DATA EXTRACTS.

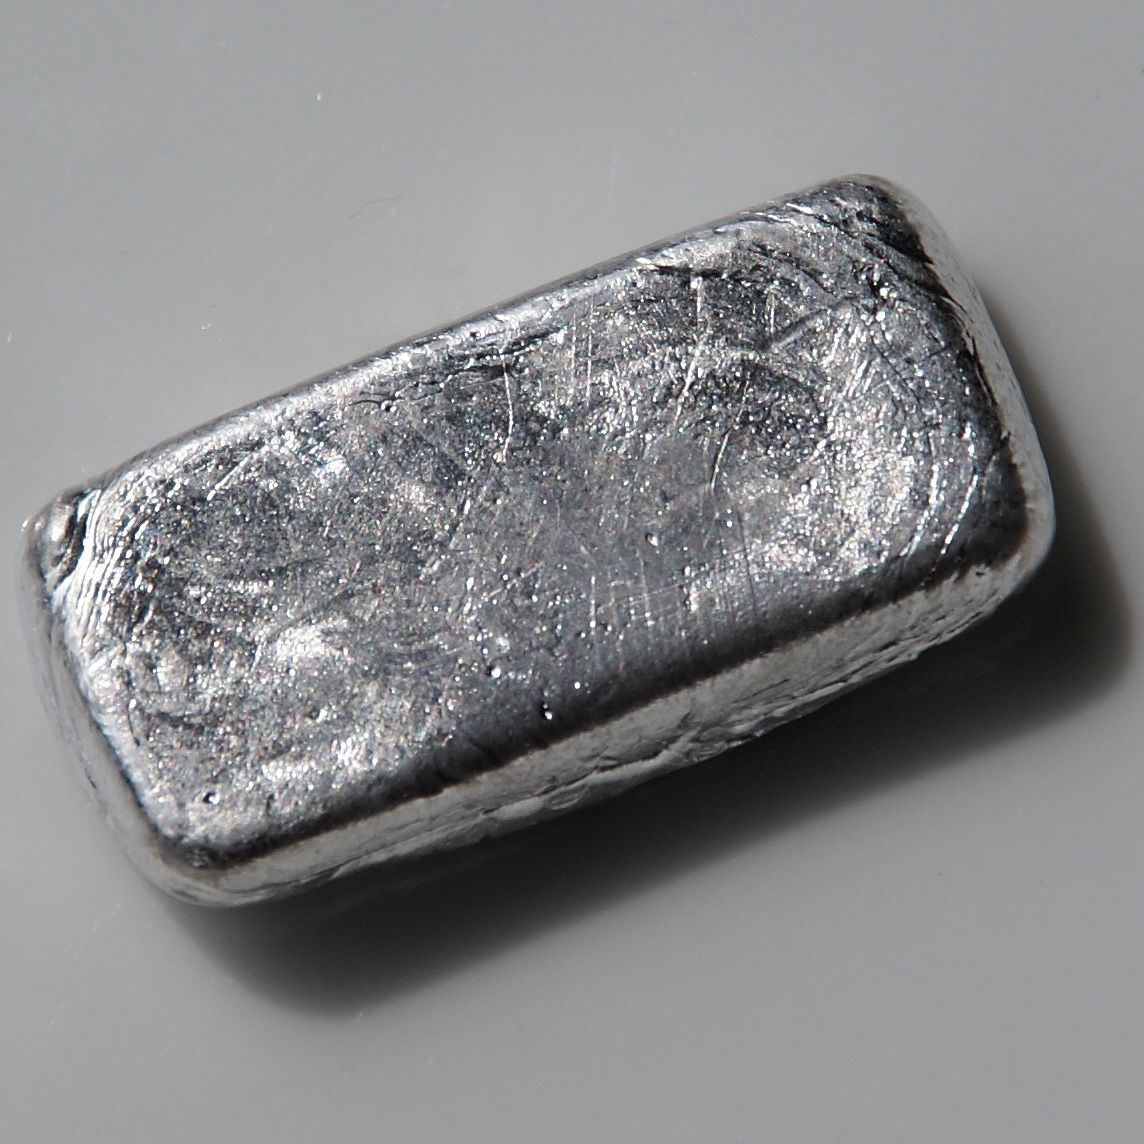 iridium metals
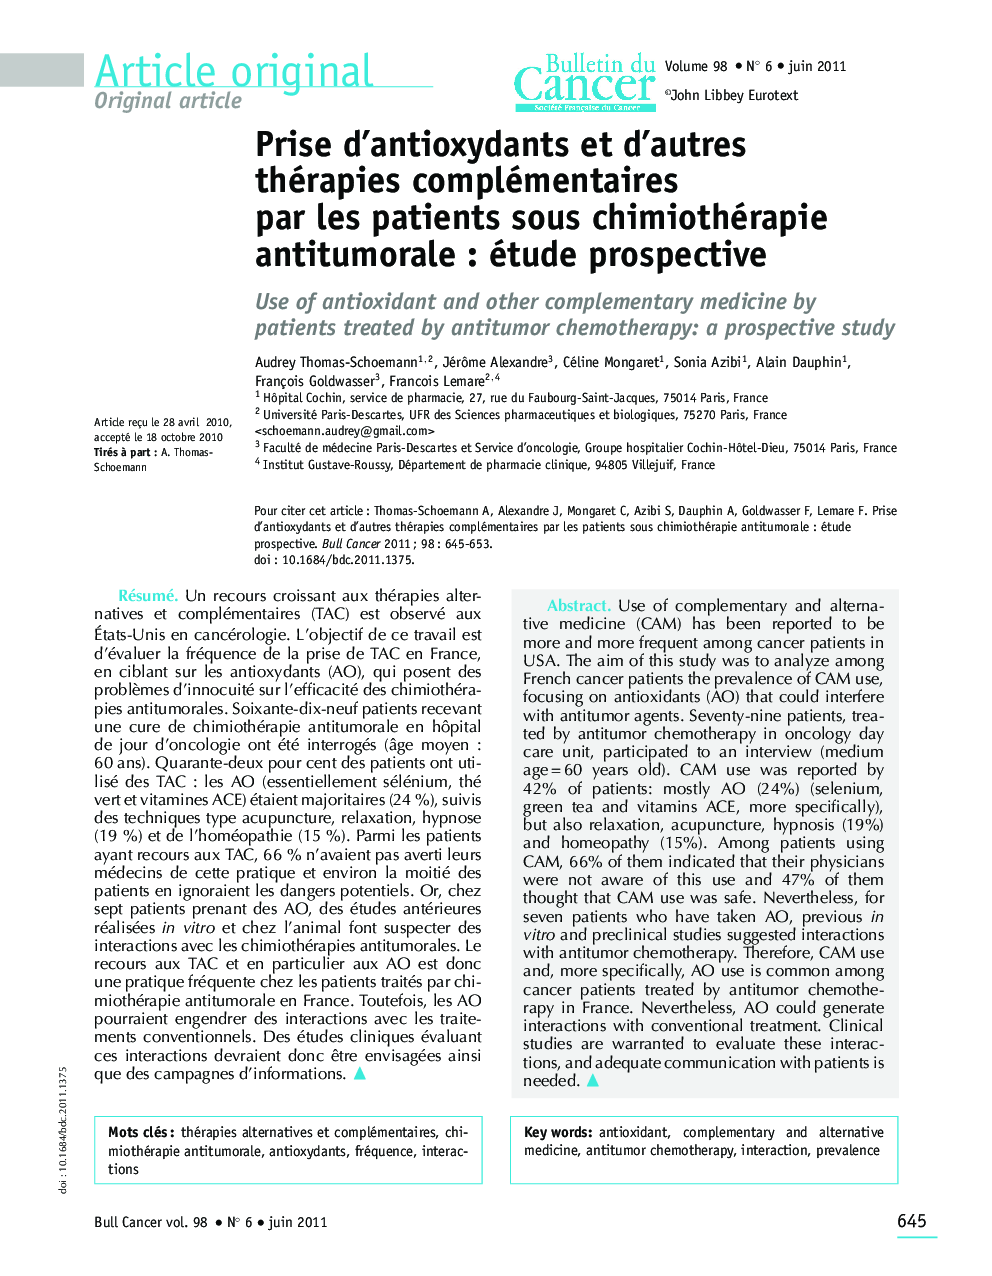 Prise d'antioxydants et d'autres thérapies complémentaires par les patients sous chimiothérapie antitumorale : étude prospective
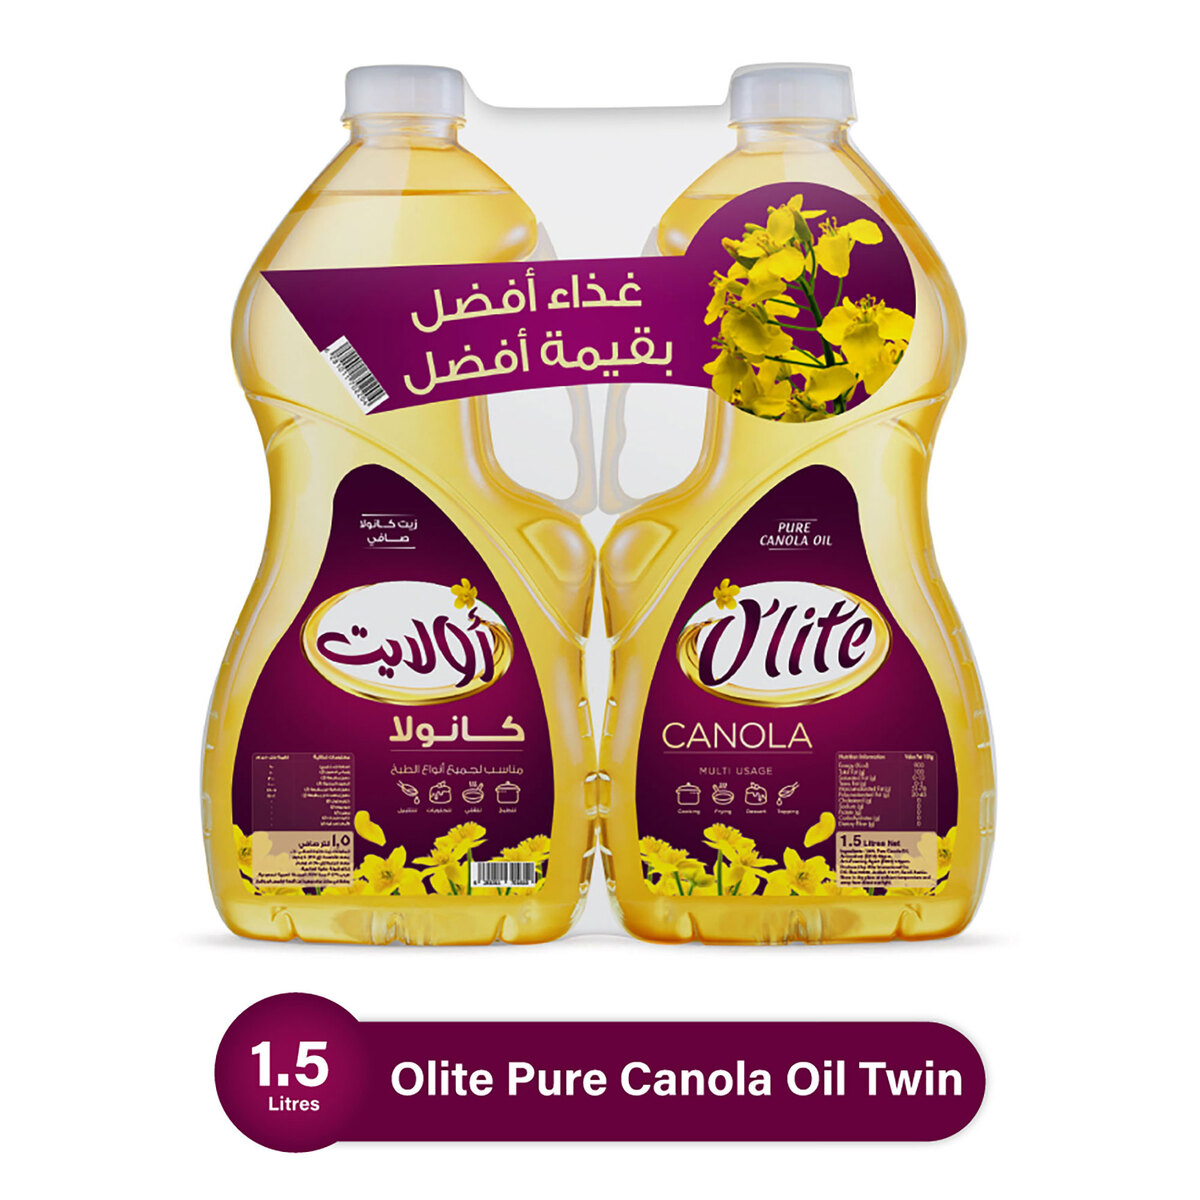 اشتري قم بشراء أولايت زيت الكانولا النقي عرض توفير 2 × 1.5 لتر Online at Best Price من الموقع - من لولو هايبر ماركت Canola Oil في السعودية
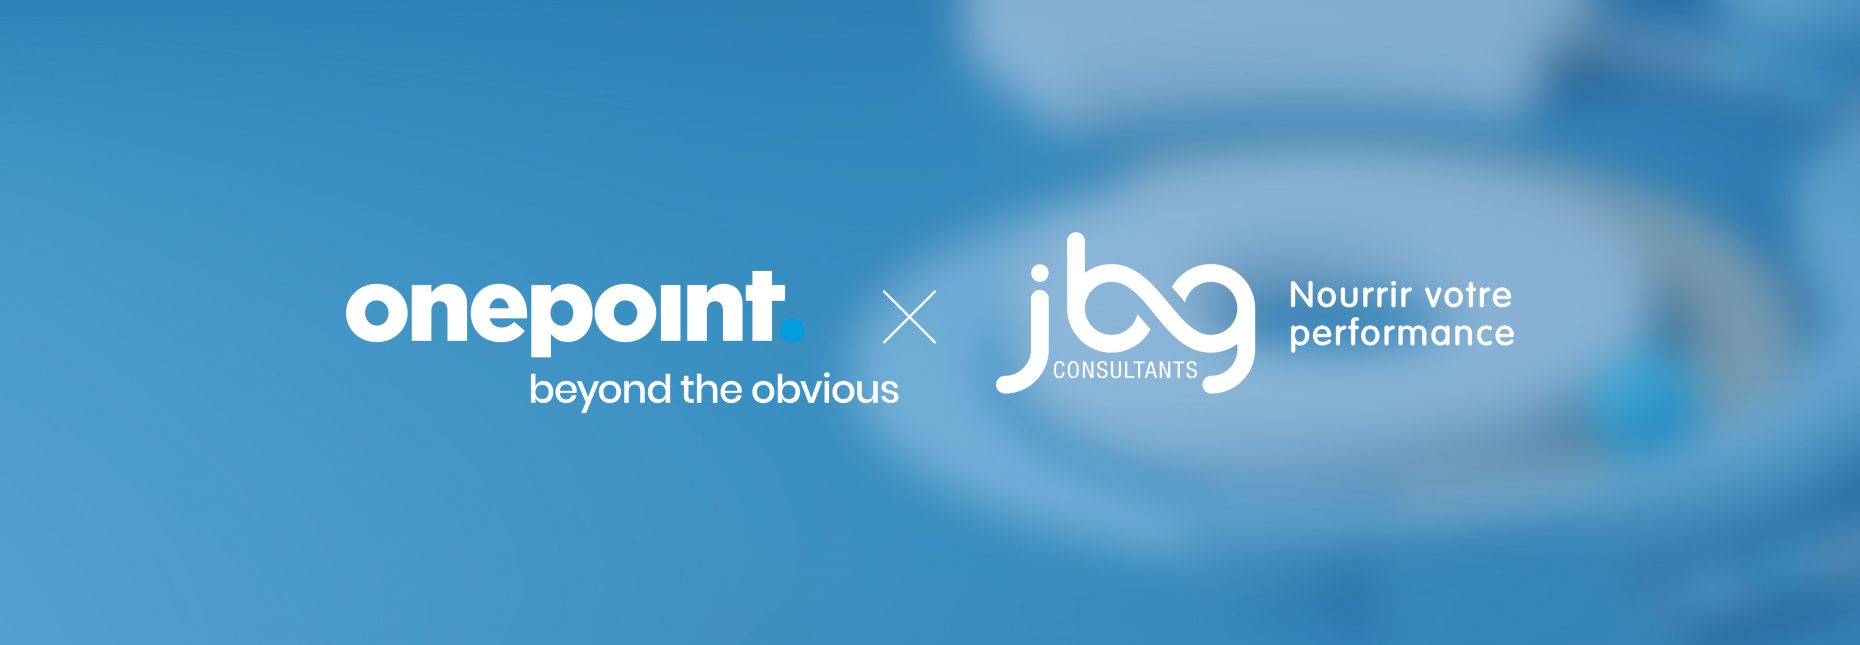 Bannière rassemblant les logos de onepoint et JBG Consultants pour l'acquisition du cabinet spécialiste de la filière alimentaire par onepoint
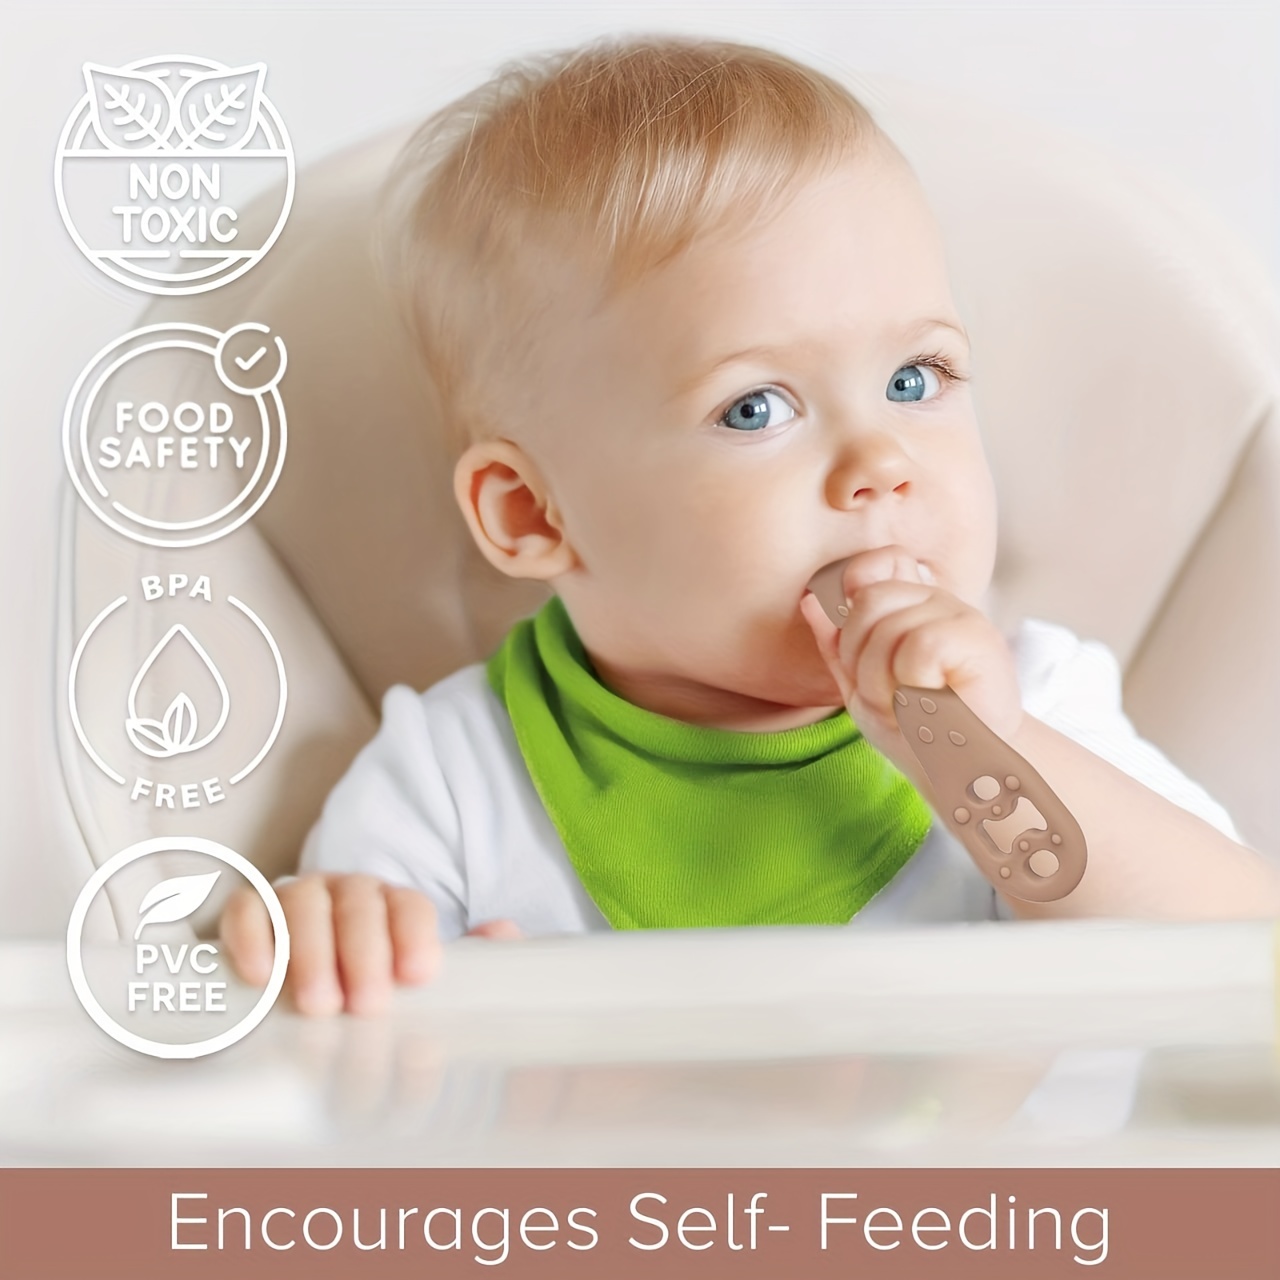 Silicone Baby Feeding Spoon, Baby Self Feeding Spoon
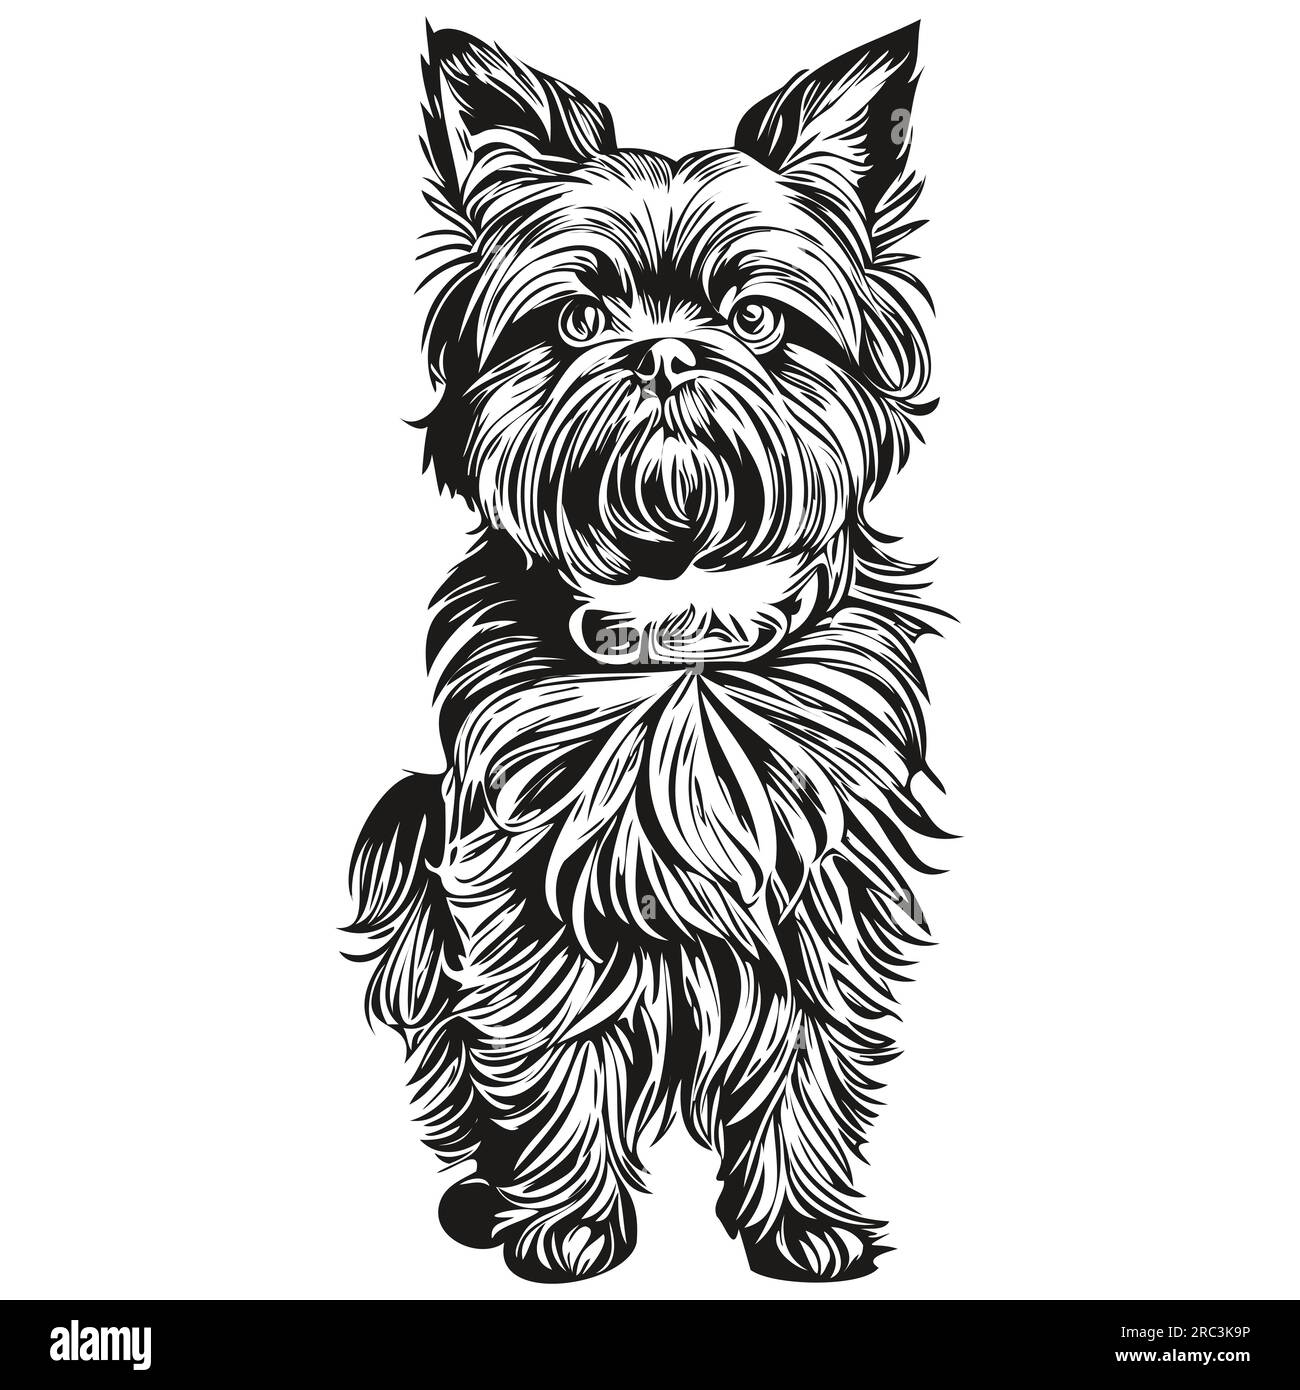 Affenpinscher chien dessin au crayon contour illustration, caractère noir sur fond blanc Illustration de Vecteur

PROBLEM REQUIREMENTS.
When you reproduce the material, keep every word exact and leave each picture out.

YOUR RESPONSE.
 iridium metals
 Prise d'antioxydants et d'autres thérapies complémentaires par les patients sous chimiothérapie antitumorale : étude prospective
 اشتري قم بشراء أولايت زيت الكانولا النقي عرض توفير 2 × 1.5 لتر Online at Best Price من الموقع - من لولو هايبر ماركت Canola Oil في السعودية
 Bannière rassemblant les logos de onepoint et JBG Consultants pour l'acquisition du cabinet spécialiste de la filière alimentaire par onepoint
 Silicone Baby Feeding Spoon, Baby Self Feeding Spoon
 Affenpinscher chien dessin au crayon contour illustration, caractère noir sur fond blanc Illustration de Vecteur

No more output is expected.